Can S3 event notification service scale enough to handle Billion high-velocity events and can SQS handle these events without any data drop? This blog is all about unveiling these use cases.

I have been working in the healthcare industry for the past 8 years, and one of the most interesting problem in this industry is skewness and variation in data. The day you think you have handled all the issues with the data, is the day you receive double what you faced earlier.

On daily basis, we receive more than 200 Million files and this number of files can reach up to Billions in a single historical data transfer. Another interesting part is the size of the file, which ranges from a few bytes to 20 MB.

What’s the Goal?

The problem/target is very generic.

  1. Data is coming from multiple sources into the S3 bucket.
  2. Parse the data using standard parsers which can scale automatically to parse huge amounts of files.
  3. Clean and transform the data into the standard format.
  4. Map the transformed source schema to warehouse schema.
The end Goal is to get data to the data warehouse in the standard schema

Challenges with the Process

As per the above diagram, there are 4 steps. For this blog, we will limit our discussion to S3 source file arrival and parsers only, where we are interacting with billions of files in chronological order.

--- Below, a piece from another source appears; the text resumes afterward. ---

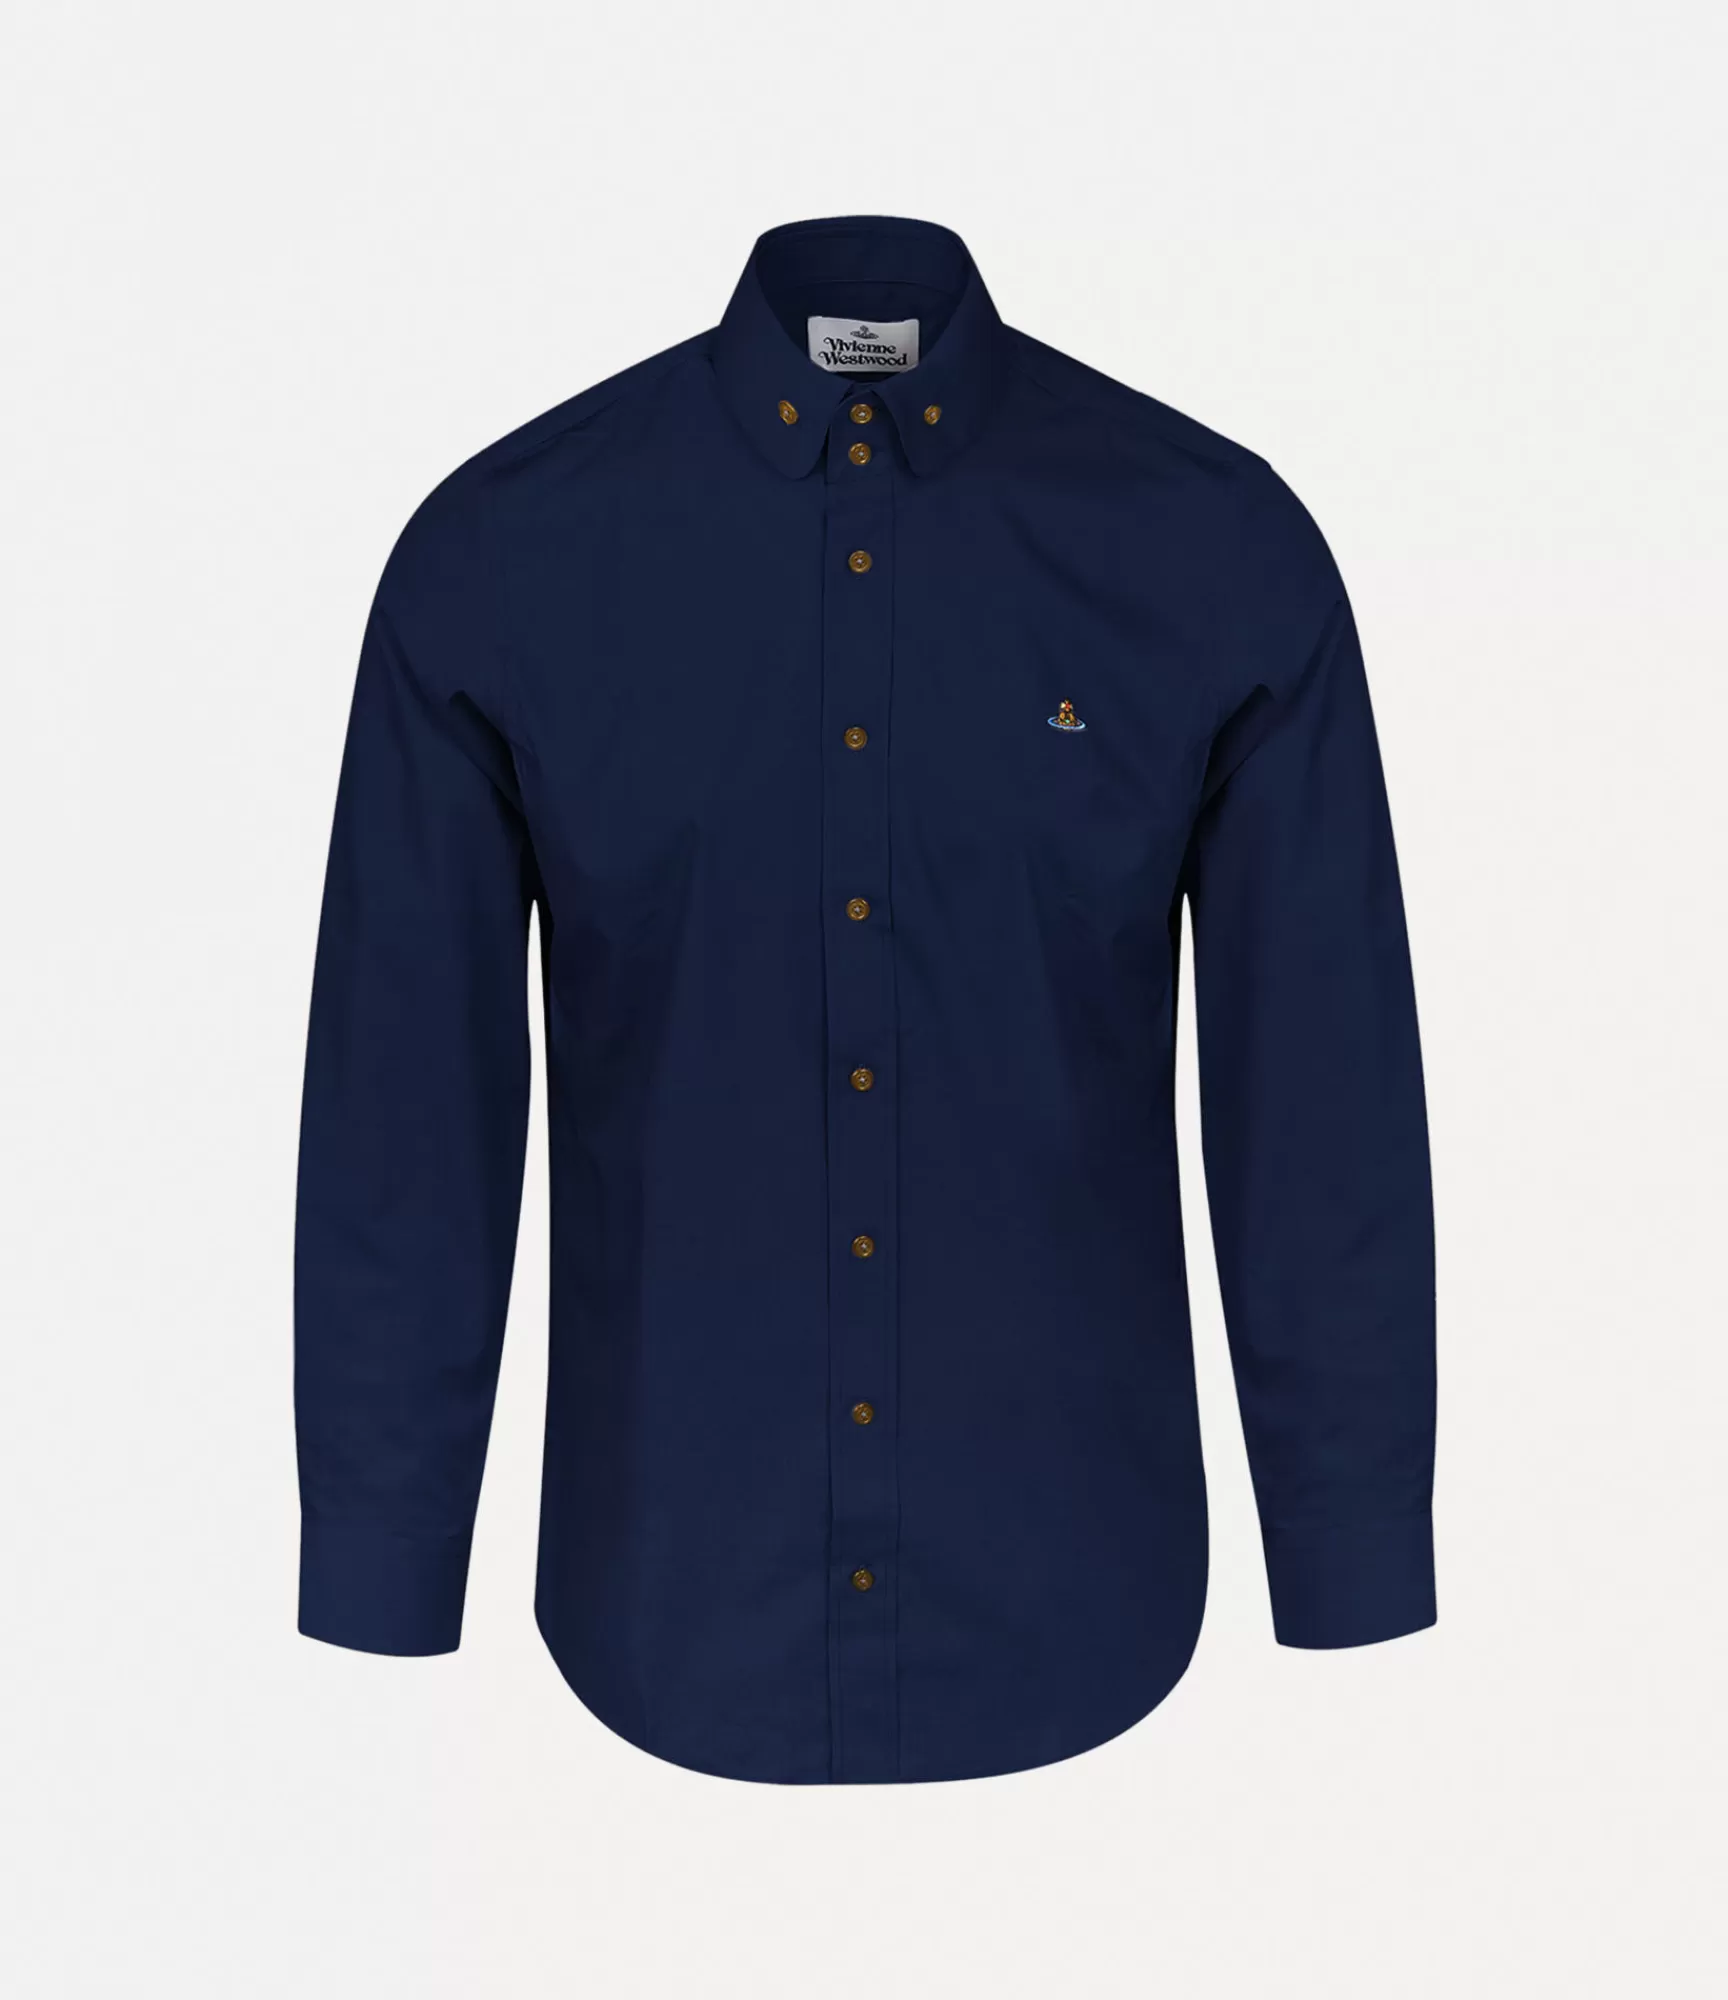 Vivienne Westwood Shirts*2 button krall Navy

The system faces multiple challenges when the number of objects in the S3 increases exponentially:

  • Exploration of Data: Listing objects on the S3 bucket becomes very slow and tiresome for data engineers while exploring the data.
  • Parsing and Cleansing: Parsing and cleansing of bulk data become challenging due to the slow listing of S3 objects (A single-threaded python program takes approximately 20 mins to list 1 million objects using standard AWS SDK while writing this blog).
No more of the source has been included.